Though he was now somehow one of the higher ranking mages in Othius- partly for being the first human recognized as one, and partly because they simply had so few in practice- he was acting as a scout again. With the ability to openly use magic, he could be more effective as a scout. Yet he also had to keep in mind where not to use magic. Like where he was, overlooking a camp that could have a dozen or more mages in it. They probably wouldn’t notice him using magic, but relying on mundane skills where there was that sort of risk seemed better. 

His squad was much the same as it had been before- he was able to request many of his former squad to accompany him. He also had several members of the fey as magical backup, since the abilities of a wizard weren’t inherently flexible. Even with a couple years of open practice of magic, Emerich was limited in how many spells he could memorize. He had very little in the way of fireballs and the like- though he fondly kept some of the trap spells he’d made use of before. His purpose wasn’t to engage in combat, but simply to observe enemy movements. 

He found himself quite far from home, since Testror was on the opposite side of Dalgare the long way. Ironically, he was at more risk from Scoubar now that he was a better mage- but that also kept him motivated to continue the fight. They had been cast out of Dalgare, but their armies were indeed still growing in Testror. War was inevitable. What he needed to do was provide accurate information to the alliance, so that the commanders could make proper strategic decisions.

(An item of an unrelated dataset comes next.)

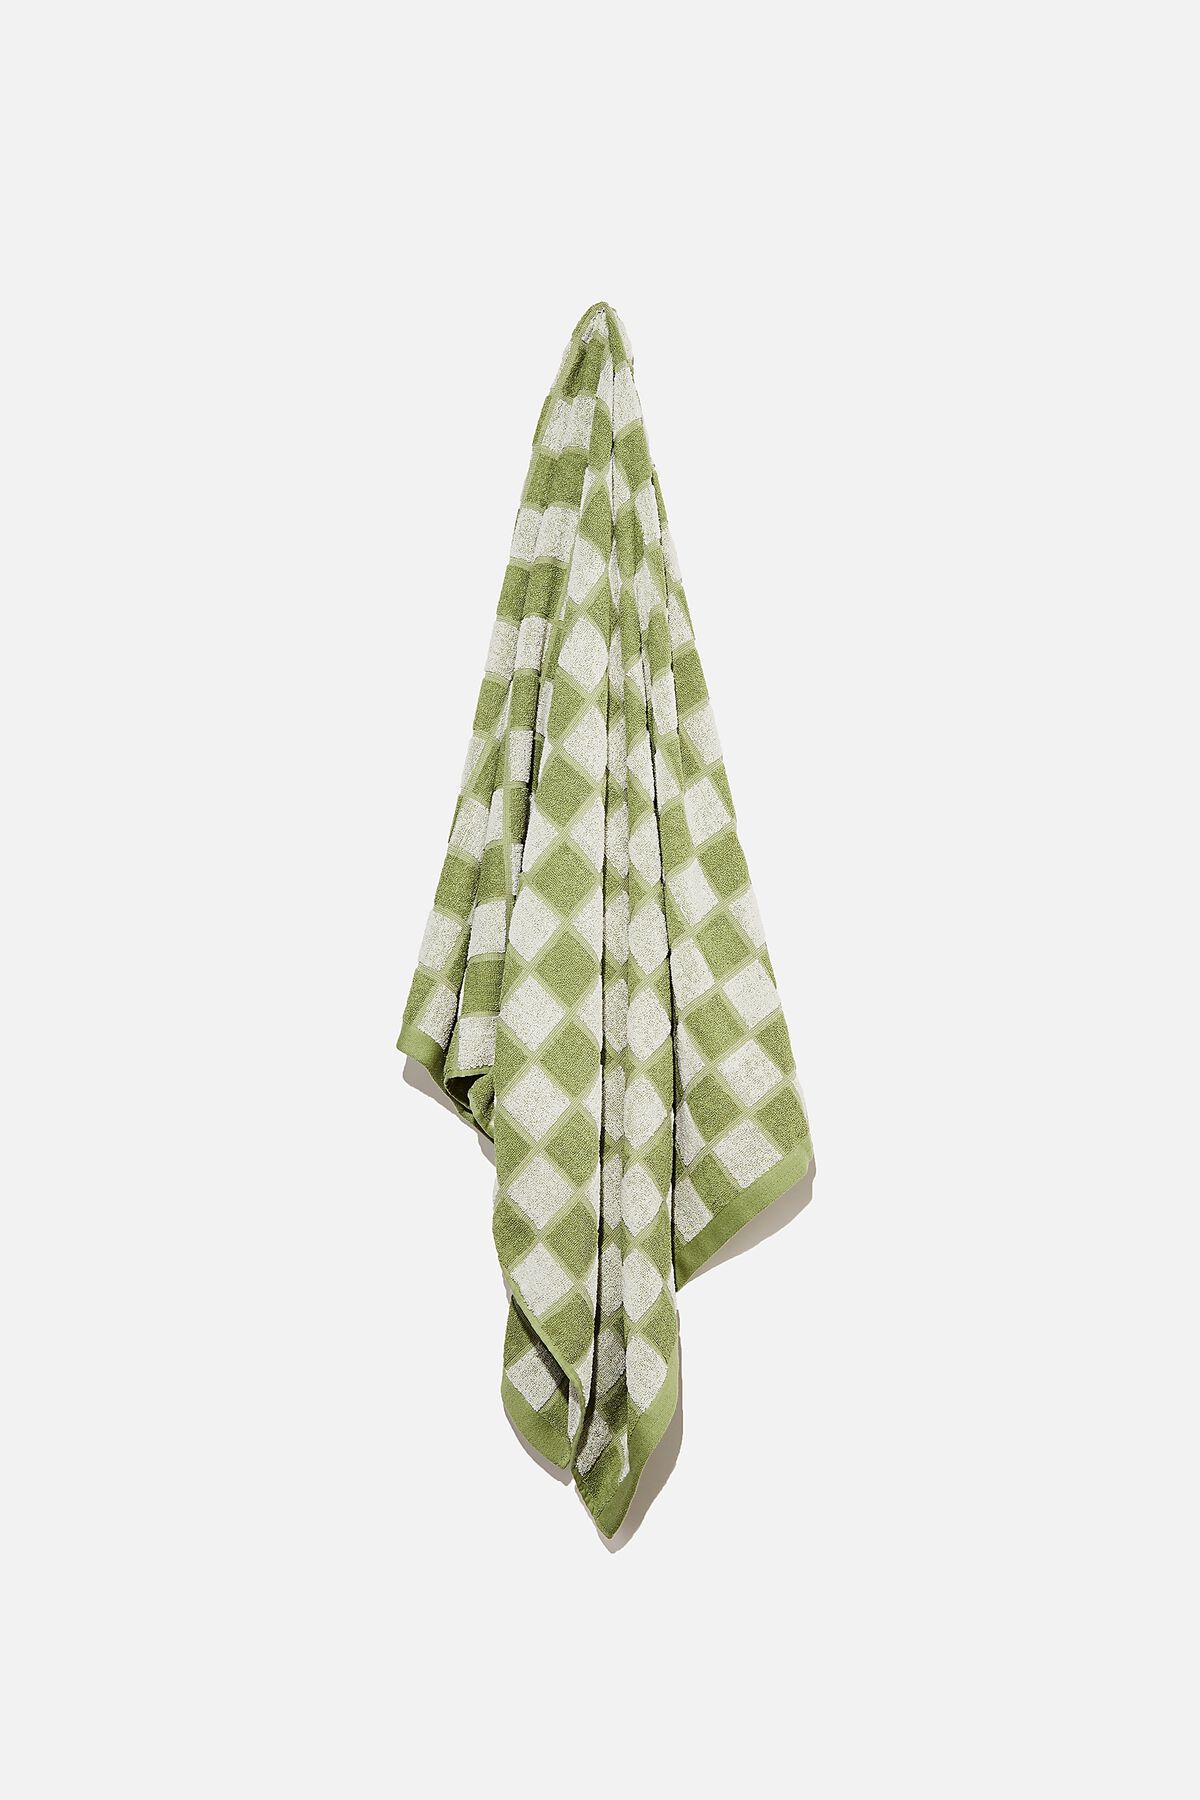 Bondi Rectangle Towel | Cotton On (ANZ)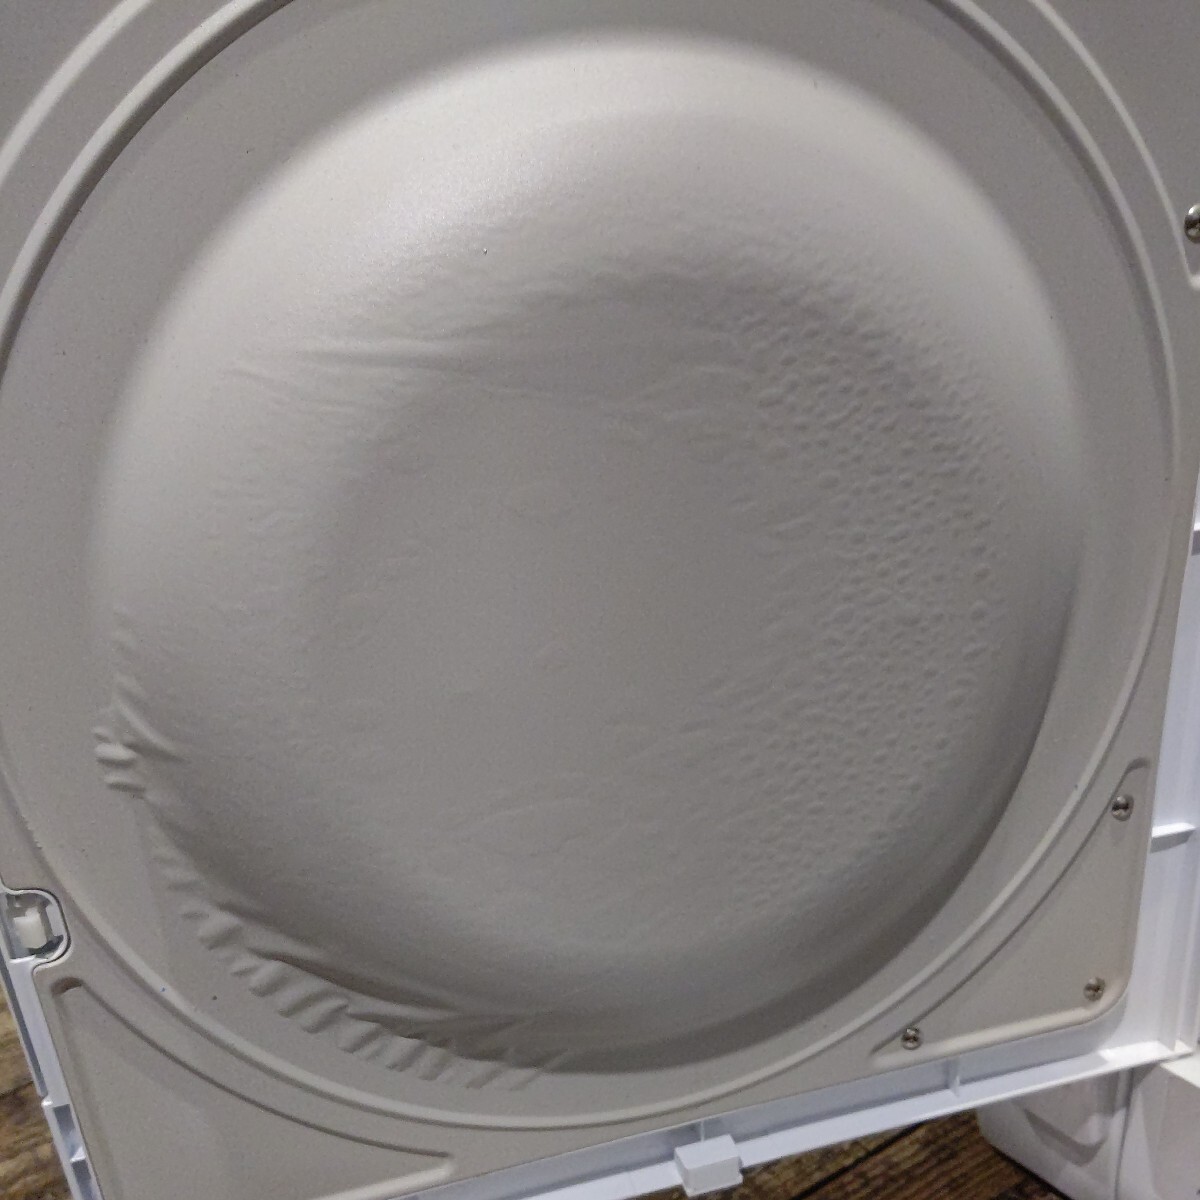 HITACHI Hitachi dehumidification shape electric dryer stand attaching DE-N50WV pure white white 2017 year made

Emerich put away his spyglass, still gingerly but without such paranoia as usual. It was time to move on. What he’d seen already wasn’t outside their estimations, but the numbers were certainly worrying. Perhaps he could come up with a scheme to determine how many princes were present in each area. Some made themselves obvious, but others were more conservative. Personally, Emerich thought the latter were smarter- being a target was foolish, even if it gave you something in return like ‘status’.